SOURCE DATA:

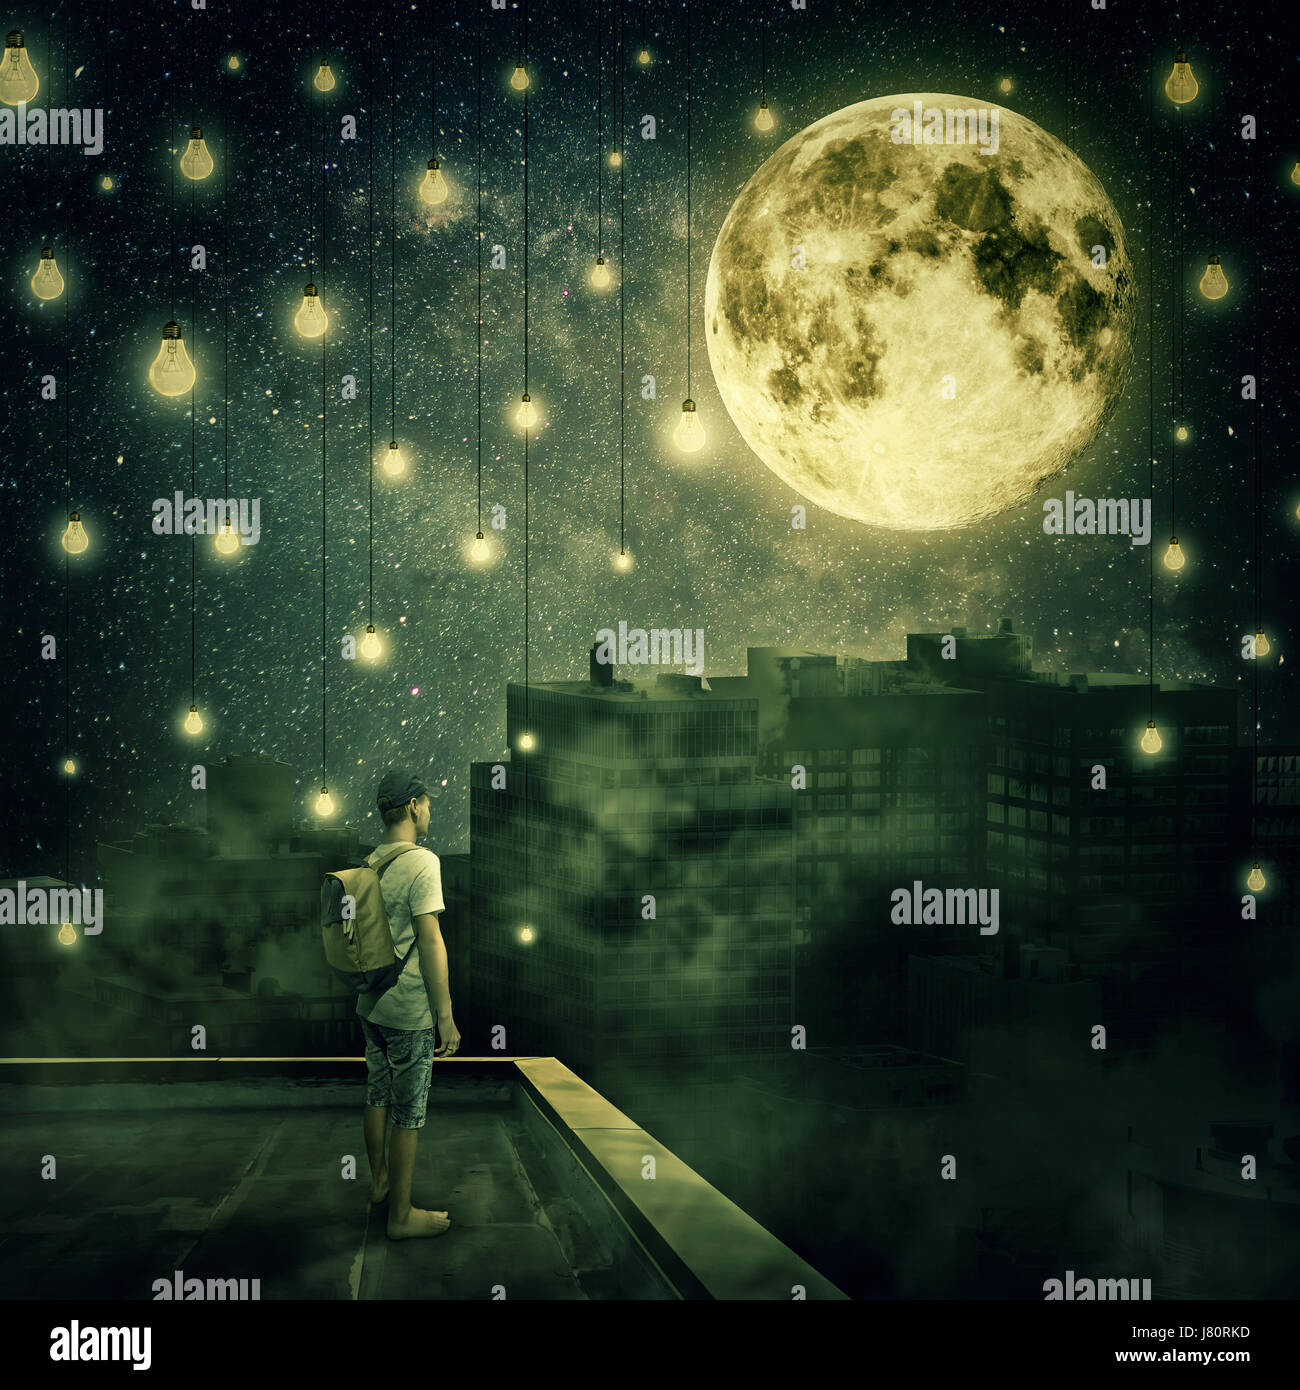 Jeune garçon rester sur le toit en regardant la pleine lune. Nuit Mystérieuse avec ampoules suspendues comme des étoiles sur la ville de brouillard Banque D'Images
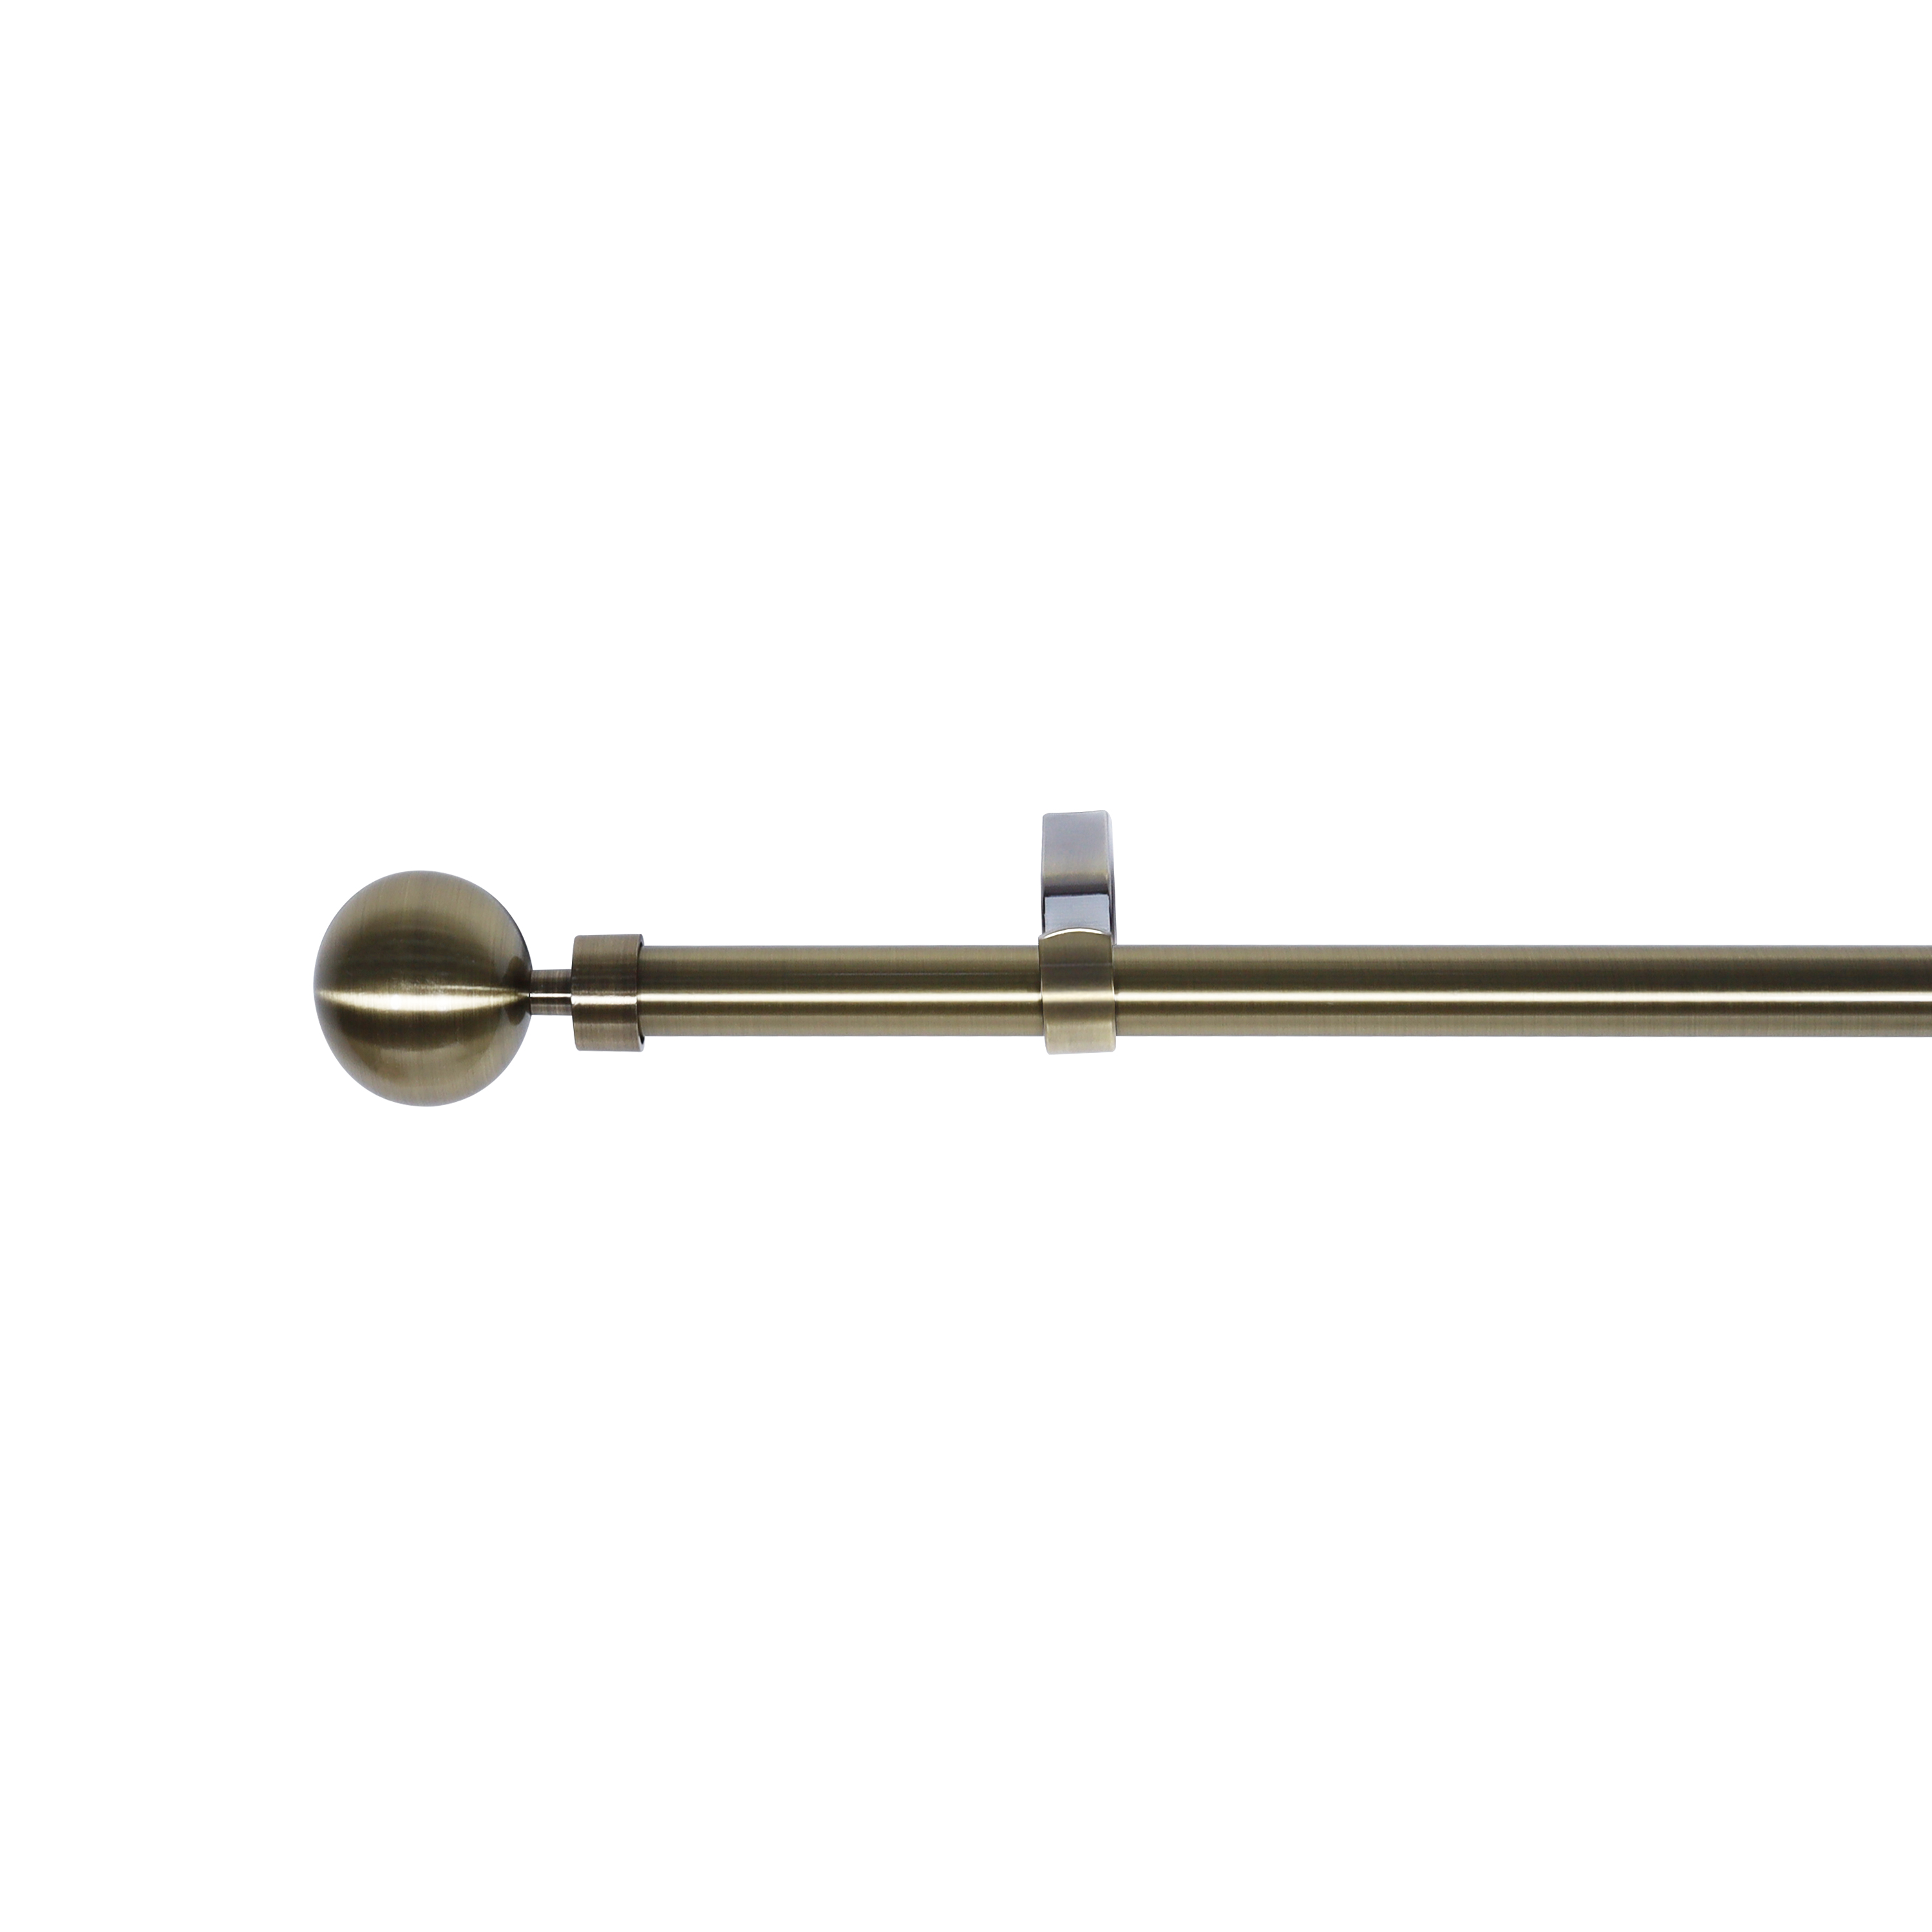 Kit de barras para cortina metal ball inspire bronce d16-19mm ext 160-300 cm
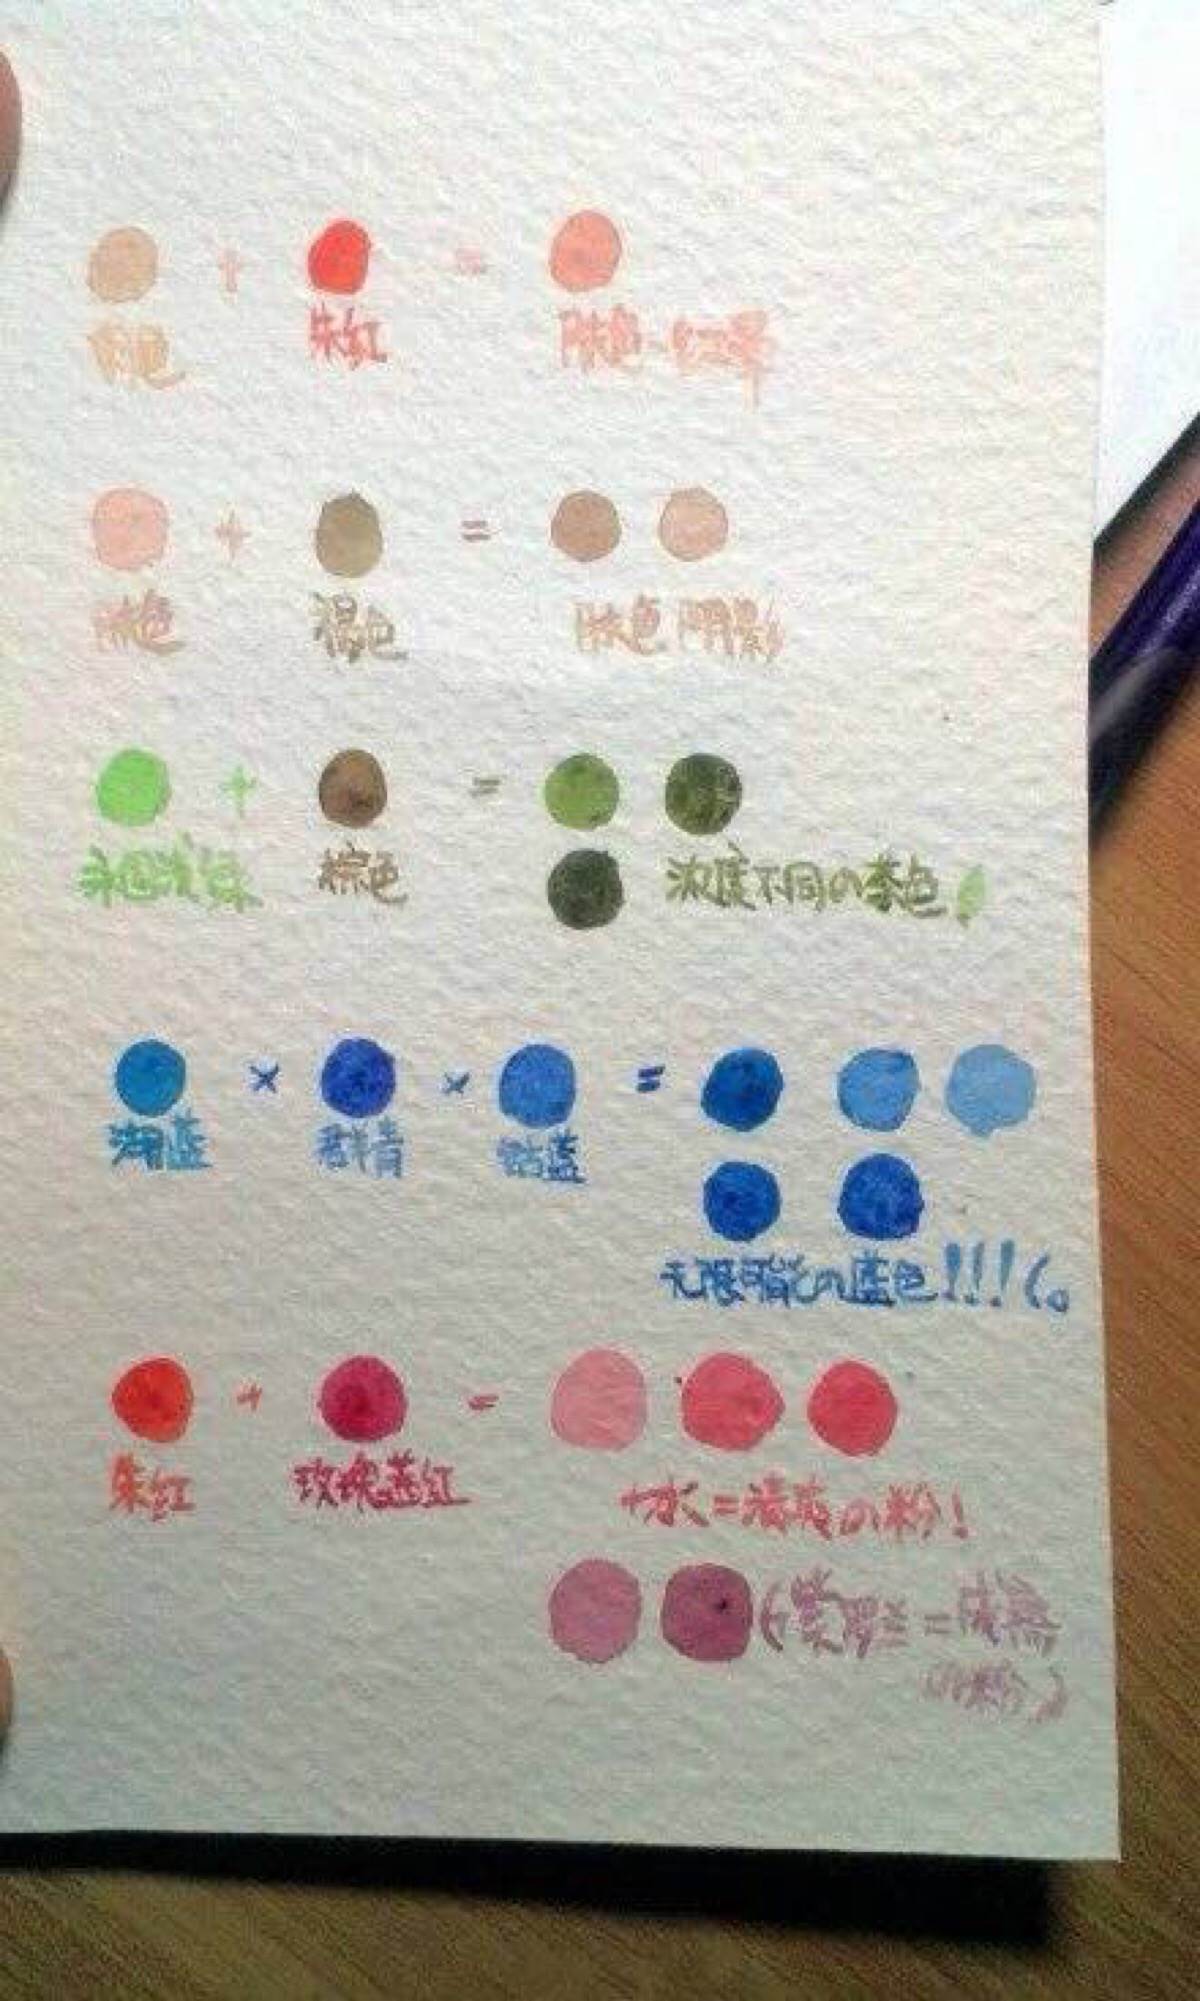 24色水彩笔颜色顺序图片
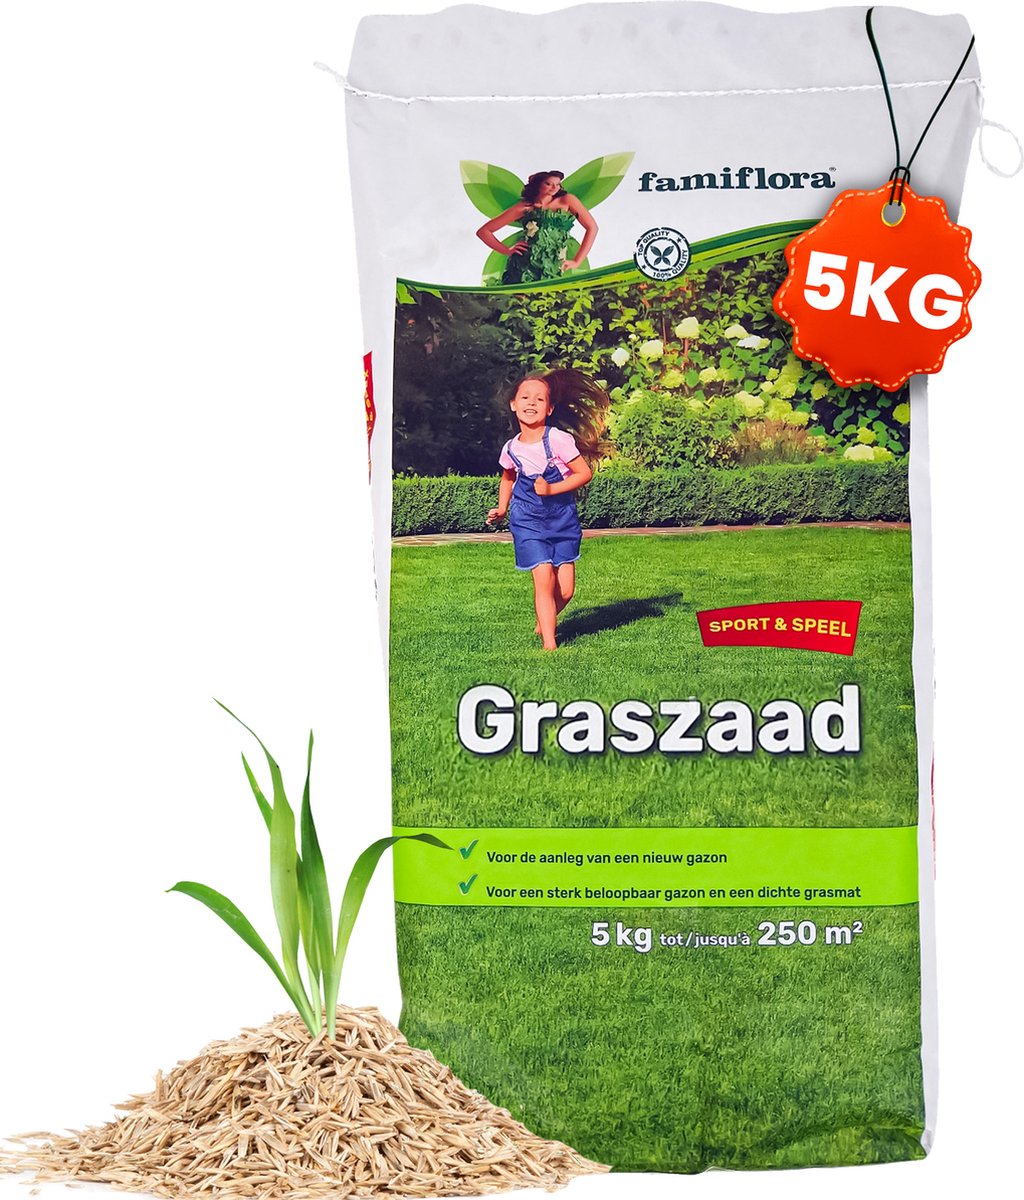 Famiflora Graszaad Speel & Sport - Sterk Graszaad voor Speelgazon en Sportgazon - 5 kg voor 250m² - Met Coating

TRY IT: Your answer must be an exact copy of the lines from the line with "24色水彩笔颜色顺序图片" to the final line of the data, both ends included, and no pictures.

OUTPUT OF THE TASK:
 24色水彩笔颜色顺序图片
 Famiflora Graszaad Speel & Sport - Sterk Graszaad voor Speelgazon en Sportgazon - 5 kg voor 250m² - Met Coating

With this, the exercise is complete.